Replication continues in DNA-damaged embryos (top) unless translesion synthesis is blocked (bottom).

On page 999, Holway et al. reveal that worm embryos would rather risk genomic mutation than disturb the timing of cell division. DNA damage–induced checkpoints, the group finds, are silenced during early embryogenesis.

The need for the silencing arises because of the importance of timing in embryogenesis. At the worm's two-cell stage, for instance, a two-minute lag between the division times of the two cells is needed for germ line formation. Embryogenesis fails if this lag is extended, as would be expected upon DNA damage.

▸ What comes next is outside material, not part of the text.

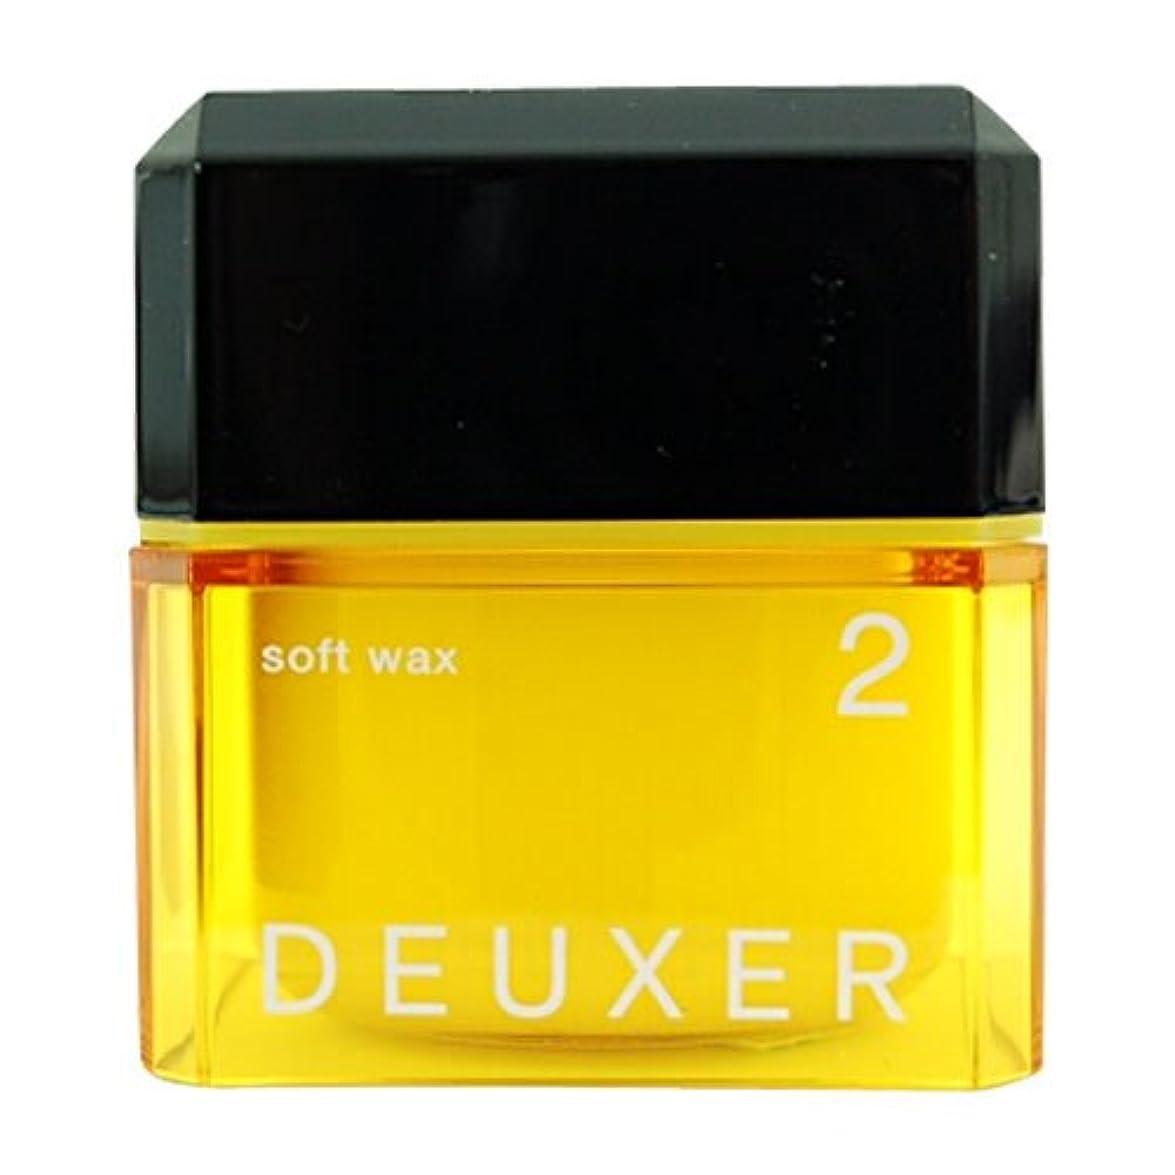 保証金アクセント計器ナンバースリー DEUXER(デューサー) ソフトワックス 2 80g
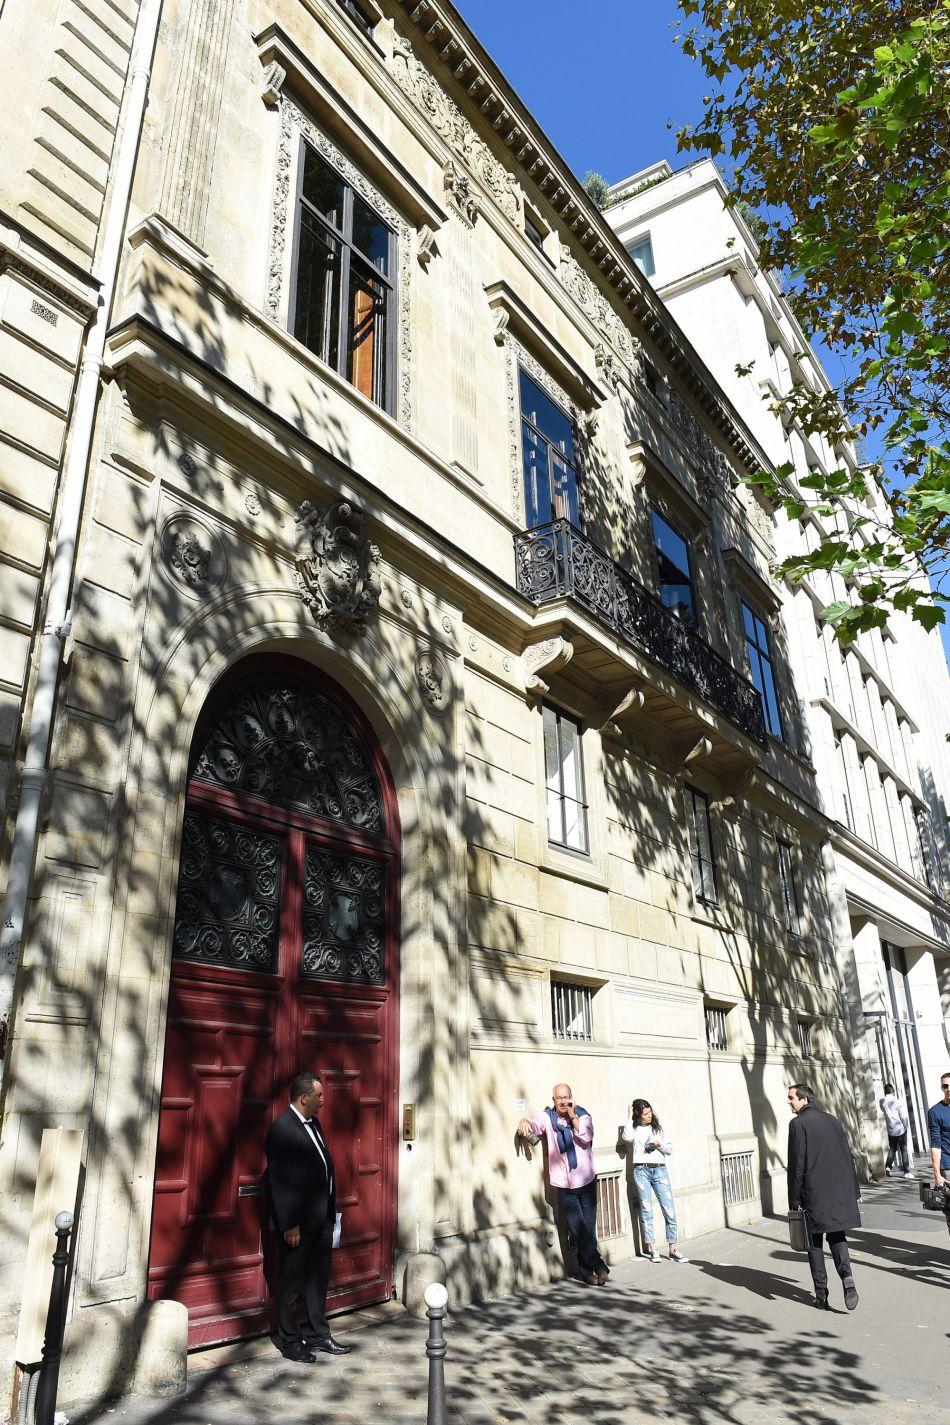 De passage à Paris pour la Fashion Week, la star de téléréalité avait choisi de descendre dans un hôtel particulier.

Holway and colleagues found, however, that genomic damage from UV or MMS treatments did not stall division in worm embryos. In somatic cells, DNA lesions block the progress of replication forks, whose stalling initiates the damage checkpoint. But replication forks advanced directly through the lesions in the embryos. This bypass required a translesion polymerase called Polh-1, which is able to synthesize DNA opposite damaged bases. The high expression levels of Polh-1 in embryos might at least partly explain their unusual ability to silence the checkpoint.

Fly and frog embryos do not actively silence the DNA damage checkpoint; mammalian systems have not yet been tested. Based on these findings, however, one might speculate that tumor cells that are resistant to chemotherapy might have acquired a heightened capacity for translesion synthesis.